A New Class Of Drugs For Migraines Without a Cure | Science

Something more than 10% of the population suffers migraines occasionally and slightly less than 3% chronically. The latter, only in Spain about one million people suffer more than 15 days a month an intense and disabling headache that is sometimes accompanied by nausea, visual disturbances or numbness. And yet, so far, many of the treatments to combat the ailment were preventive medications originally created to treat other problems such as hypertension or depression that were later found useful against headaches. From this week, in the Spanish hospitals two new drugs created specifically to block migraine can be administered that will offer the possibility of getting rid of more than half of their attacks to some of those who suffer from the disease.

These are two drugs of the type of monoclonal antibodies that became famous in the treatment of cancer. As if they were pieces of a puzzle, they block the activity of the molecules that cause the problem, as do the antibodies generated by the body to stop viruses or bacteria. In the case of migraine, or at least in many of them, during the attacks there is an increase in a neuropeptide, the CGRP, which is related to the condition. The new drugs block the fit of that molecule with the cells with different mechanisms and reduce the number of episodes by 50% or more.

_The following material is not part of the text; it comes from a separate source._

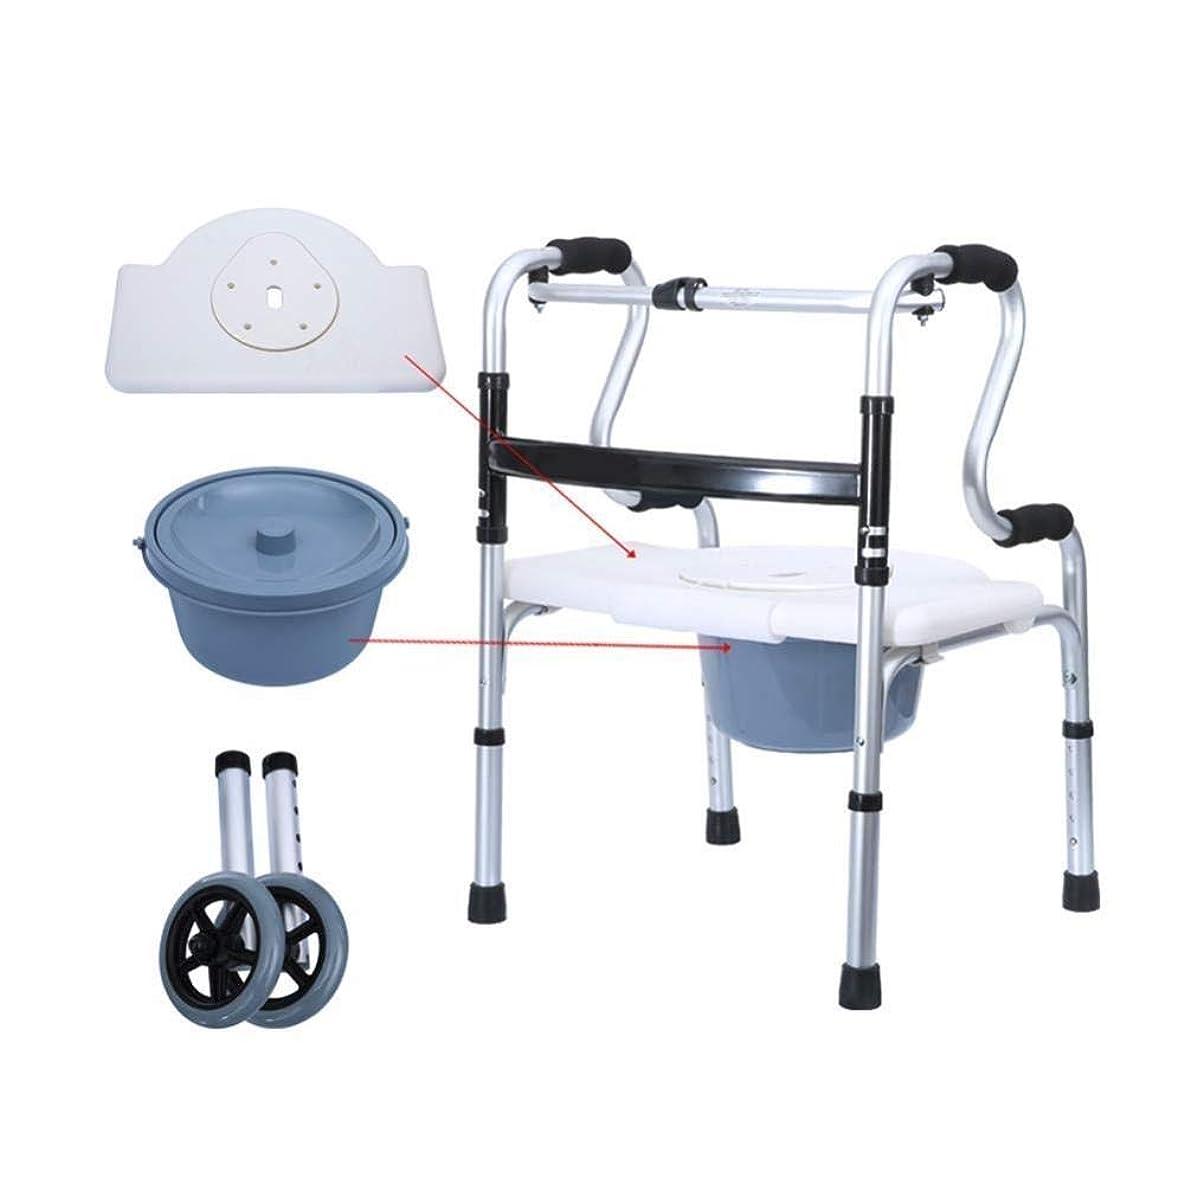 平らな年金稚魚折りたたみ式軽量アルミニウム合金歩行障害者老人用松葉杖歩行補助椅子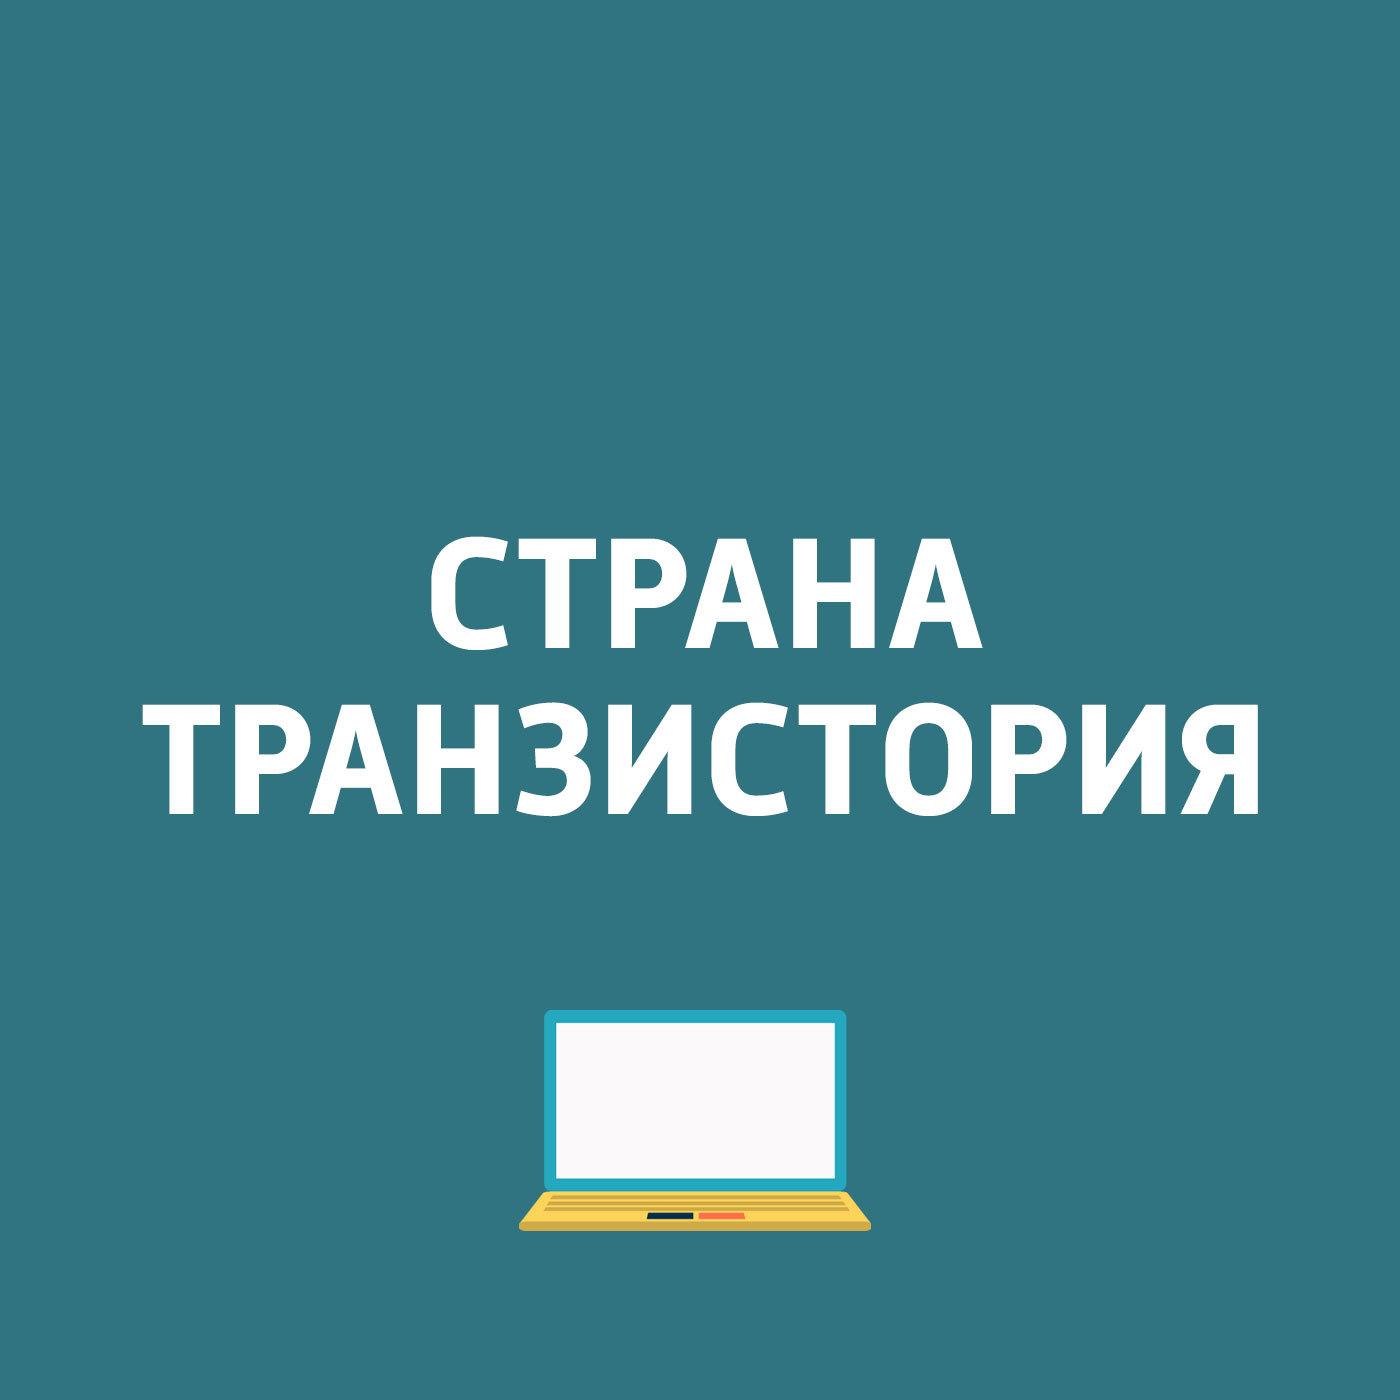 Картаев Павел Начало продаж Nokia 8110 4G; ASUS представила новые игровые ноутбуки; Apple анонсировала iOS 12 ноутбуки фуджитсу

Despite being one of the diseases that causes the greatest burden of disability, a large percentage of those affected do not seek medical help

The approval of these drugs at the state level from November 1 must now be ratified by the autonomous communities and finally it will depend on the hospitals, which will take care of the expense, decide who receives them. Because these new tools, expensive as many innovative drugs, will not be given in principle to all patients. Both the erenumab, marketed by the pharmaceutical company Novartis with the name of Aimovig, and the galcanezumab, presented as Emgality by Lilly, will only be covered by public health for patients who have more than eight attacks per month and have successfully tried three preventive treatments conventional. These medications, which are priced at around 500 euros per month, would be applied in the hospital with a monthly skin prick.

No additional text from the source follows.